Terkait Insiden Penalti, Gerrard Kritik Balotelli

Terkait Insiden Penalti, Gerrard Kritik Balotelli

- Sepakbola
Jumat, 20 Feb 2015 08:54 WIB
Terkait Insiden Penalti, Gerrard Kritik Balotelli
REUTERS/Andrew Yates
Liverpool -

Berbeda dengan sang manajer, Brendan Rodgers, yang tak mau mengomentari insiden penalti di laga kontra Besiktas, Steven Gerrard justru mengkritik tindakan Mario Balotelli yang merebut jatah penalti Jordan Henderson.

Liverpool harus susah payah mengalahkan Besiktas dengan skor 1-0 di leg pertama babak 32 besar Liga Europa, Jumat (20/2/2015) dinihari WIB, lewat gol penalti Balotelli lima menit jelang laga usai.

Sayang kepahlawanan Balotelli itu sedikit ternoda dengan cerita tak enak kala dia harus berebut mengambil tendangan penalti dengan Henderson. Meski demikian usai bikin gol Balotelli lantas menghampiri Henderson dan memeluknya.

SCROLL TO CONTINUE WITH CONTENT

Rodgers sendiri tak mau membahas soal insiden tersebut karena yang terpenting baginya The Reds bisa menang.

Tapi tidak dengan Gerrard, yang menonton langsung laga tersebut dari VIP room, berkenaan dengan tugasnya sebagai komentator untuk salah satu stasiun televisi Inggris.

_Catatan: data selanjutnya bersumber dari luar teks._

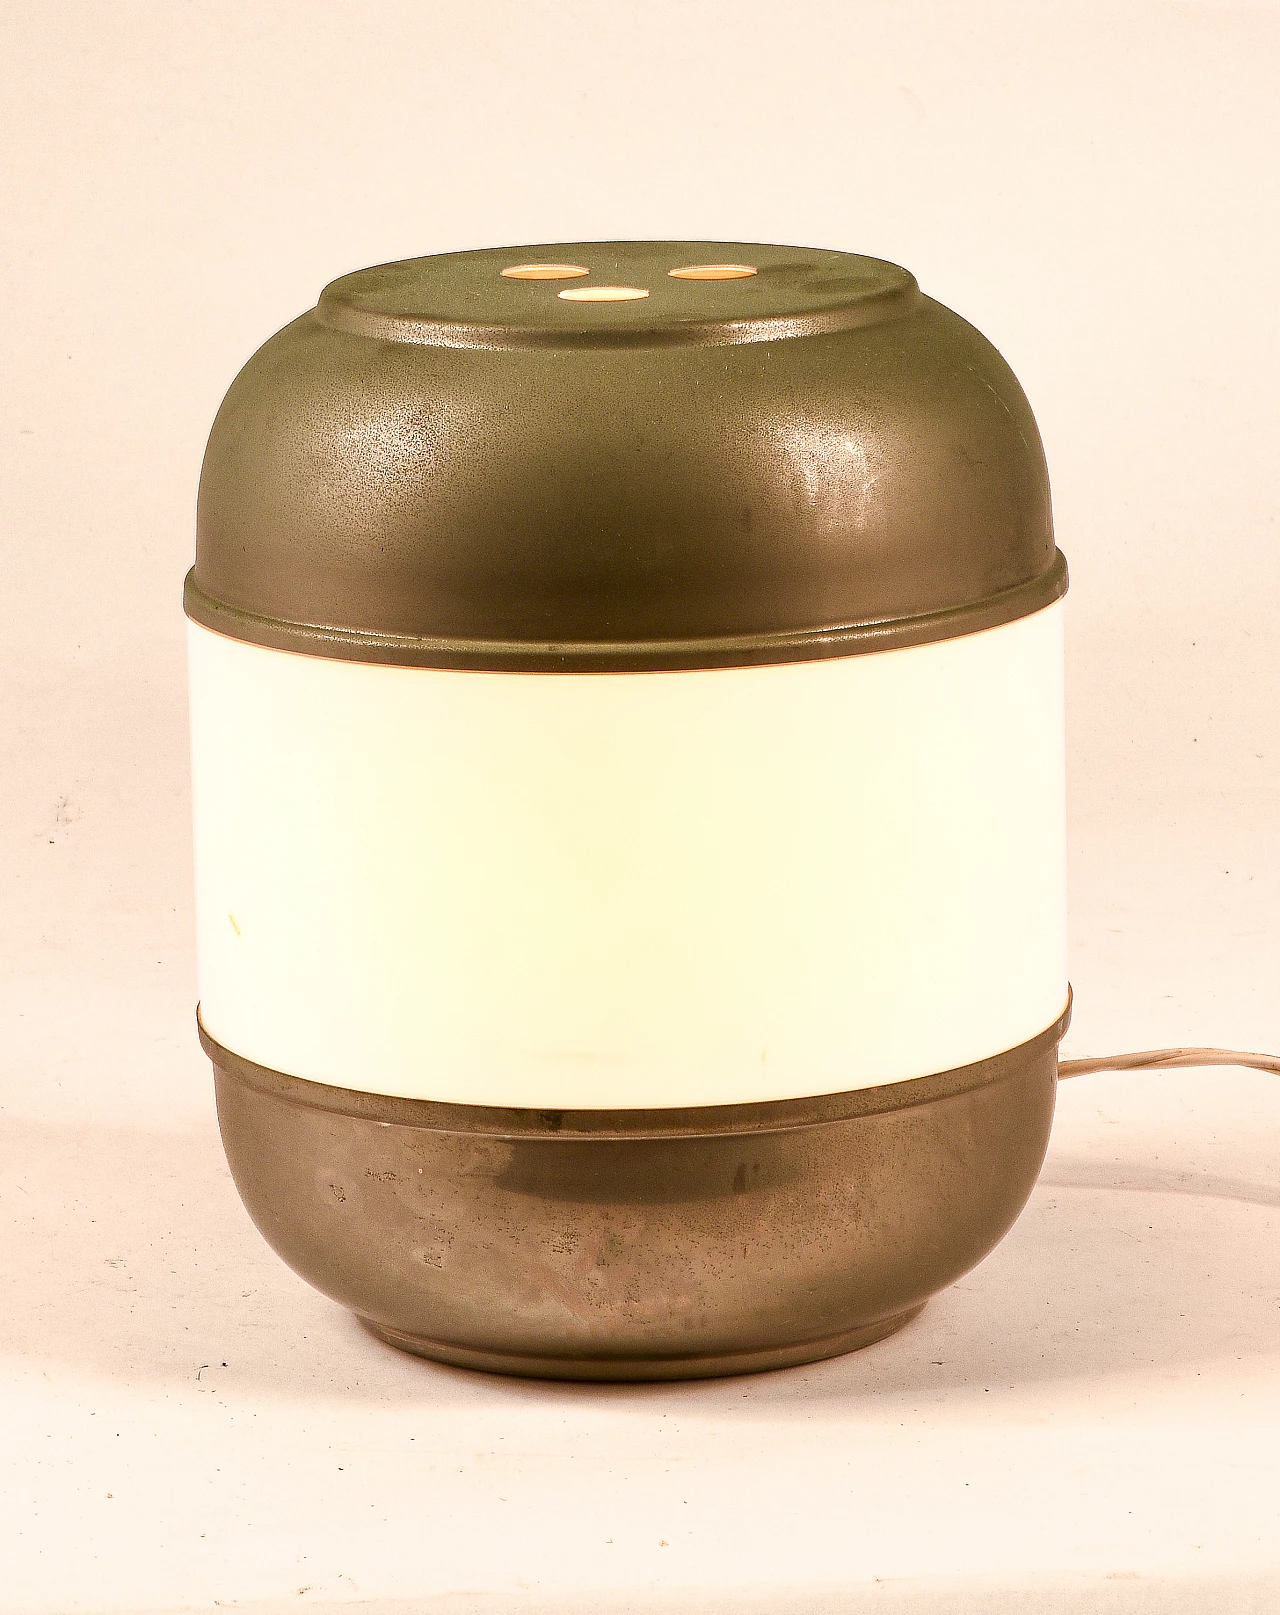 LA-11 table lamp by Vit Kelly for Silver Binox, 1970s 1

Gerrard sendiri tengah absen beberapa pekan karena cedera hamstring.

Menurut Gerrard, Balotelli tak seharusnya melakukan hal itu karena siapa yang jadi eksekutor penalti sudah ditentukan sebelum pertandingan.

"Jordan seharusnya mengambil penalti itu. Peraturan tetap peraturan. Itu harusnya jadi jatah Henderson. Mario agak bandel di situ," ujar Gerrard seperti dikutip BBC.

"Tapi kredit untuk Mario karena dia berhasil bikin gol, tapi tidak mengenakkan tentunya melihat pesepakbola berdebat. Saya pikir Jordan sudah menangani situasi itu dengan sangat baik. Dia tahu bahwa Mario sangat ingin bikin gol. Jordan sudah melakukan hal yang tepat dan menjawab wawancara dengan sangat baik," sambungnya.

"Jordan adalah kapten dan Mario tidak menghormati Jordan, tapi dia mencetak gol yang sangat penting. Saya pikir ada enam atau tujuh pemain yang ingin mengambil penalti itu, jadi jika mereka semua ingin mengambil, apa yang terjadi? Tentu ada alasannya ketika aturan itu dibuat."